FACS-Free isolation and purification protocol of mouse prostate epithelial cells for organoid primary culture
Lilianne Frégeau-Proulx,
Aurélie Lacouture,
Cindy Weidmann,
Cynthia Jobin,
Étienne Audet-Walsh
Affiliations
Lilianne Frégeau-Proulx
Endocrinology - Nephrology Research Axis, CHU de Québec – Université Laval Research Center, Québec, QC, Canada; Department of molecular medicine, Faculty of Medicine, Université Laval, Québec, QC, Canada; Centre de recherche sur le cancer de l'Université Laval, Québec, QC, Canada
Aurélie Lacouture
Endocrinology - Nephrology Research Axis, CHU de Québec – Université Laval Research Center, Québec, QC, Canada; Department of molecular medicine, Faculty of Medicine, Université Laval, Québec, QC, Canada; Centre de recherche sur le cancer de l'Université Laval, Québec, QC, Canada
Cindy Weidmann
Endocrinology - Nephrology Research Axis, CHU de Québec – Université Laval Research Center, Québec, QC, Canada; Centre de recherche sur le cancer de l'Université Laval, Québec, QC, Canada
Cynthia Jobin
Endocrinology - Nephrology Research Axis, CHU de Québec – Université Laval Research Center, Québec, QC, Canada; Department of molecular medicine, Faculty of Medicine, Université Laval, Québec, QC, Canada; Centre de recherche sur le cancer de l'Université Laval, Québec, QC, Canada
Étienne Audet-Walsh
Endocrinology - Nephrology Research Axis, CHU de Québec – Université Laval Research Center, Québec, QC, Canada; Department of molecular medicine, Faculty of Medicine, Université Laval, Québec, QC, Canada; Centre de recherche sur le cancer de l'Université Laval, Québec, QC, Canada; Corresponding author.
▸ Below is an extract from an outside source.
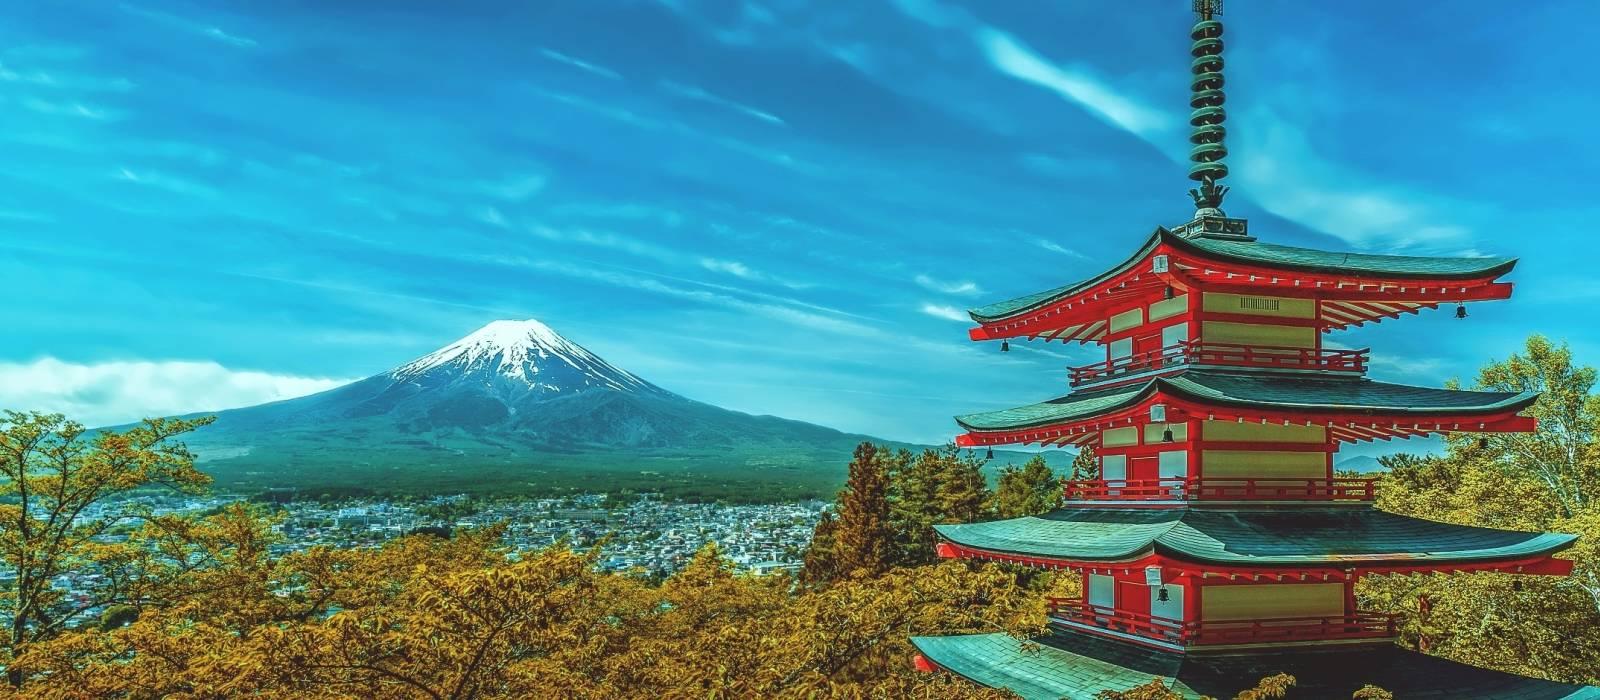 Blick auf den Mount Fuji hinter grüner Landschaft und einem japanischen Tempel in Japan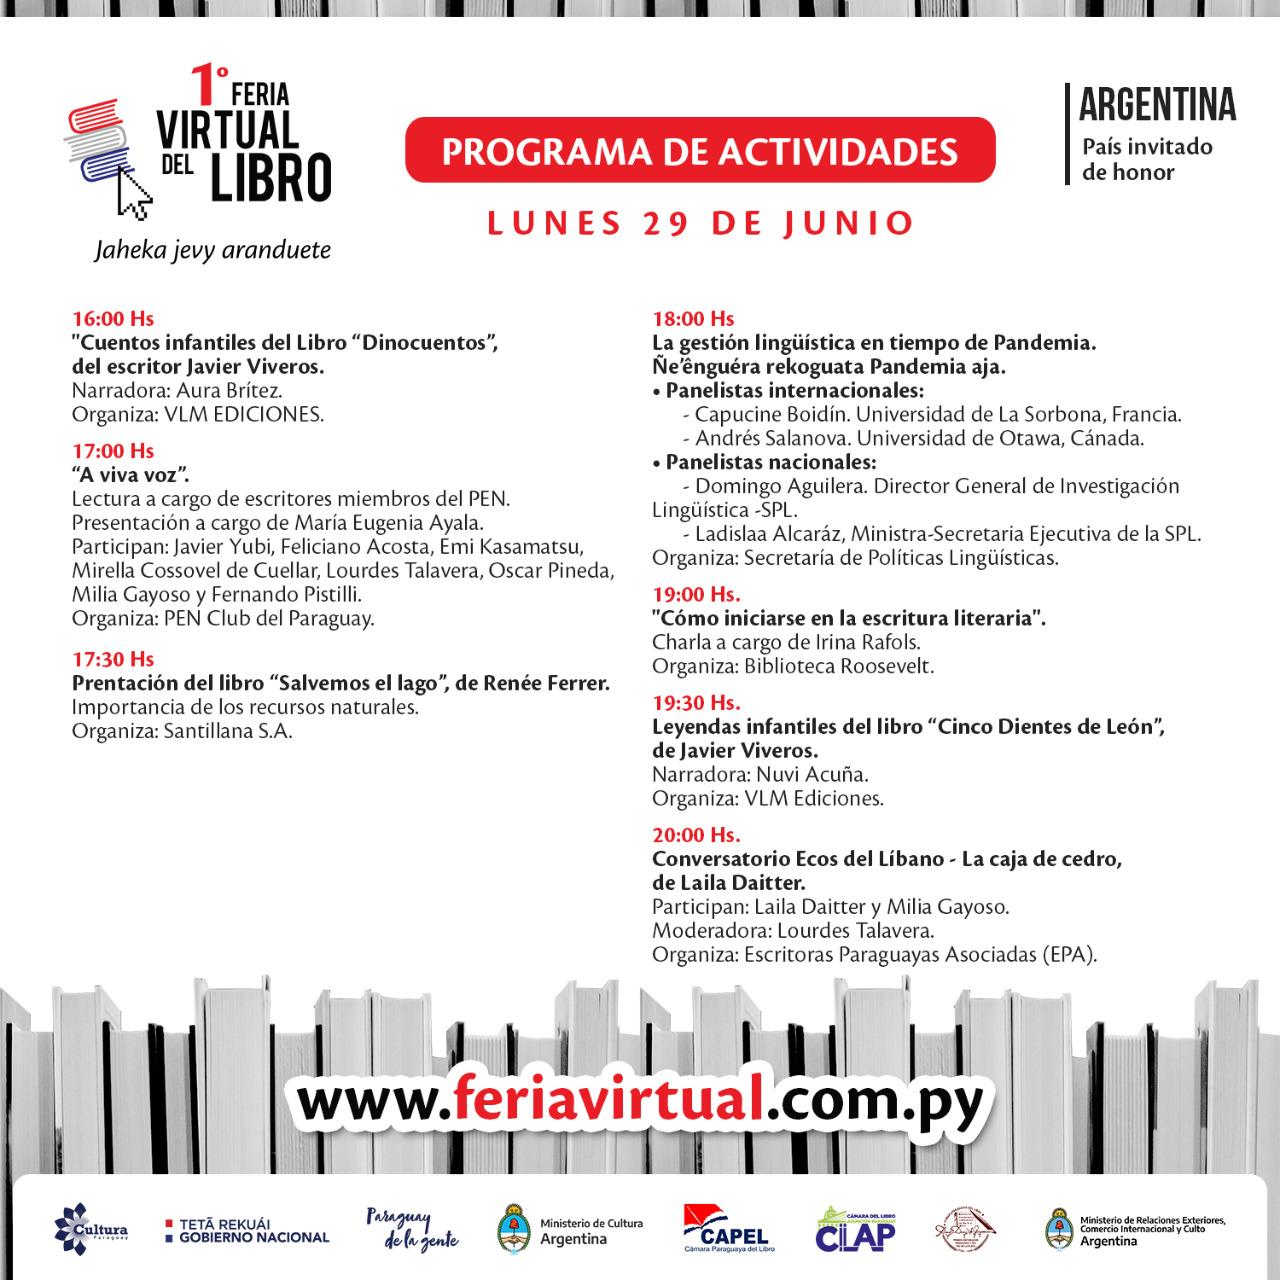 Feria Virtual del Libro: lunes con diversas actividades y participación internacional imagen

The prostate is a gland that contributes to men's fertility. It is highly responsive to androgens and is often the site of carcinogenesis, as prostate cancer is the most frequent cancer in men in over a hundred countries. To study the normal prostate, few in vitro models exist, and most of them do not express the androgen receptor (AR). To overcome this issue, prostate epithelial cells can be grown in primary culture ex vivo in 2- and 3-dimensional culture (organoids). However, methods to purify these cells often require flow cytometry, thus necessitating specialized instruments and expertise. Herein, we present a detailed protocol for the harvest, purification, and primary culture of mouse prostate epithelial cells to grow prostate organoids ex vivo. This protocol does not require flow cytometry approaches, facilitating its implementation in most research laboratories, and organoids grown with this protocol are highly responsive to androgens. In summary, we present a new simple method that can be used to grow prostate organoids that recapitulate the androgen response of this gland in vivo.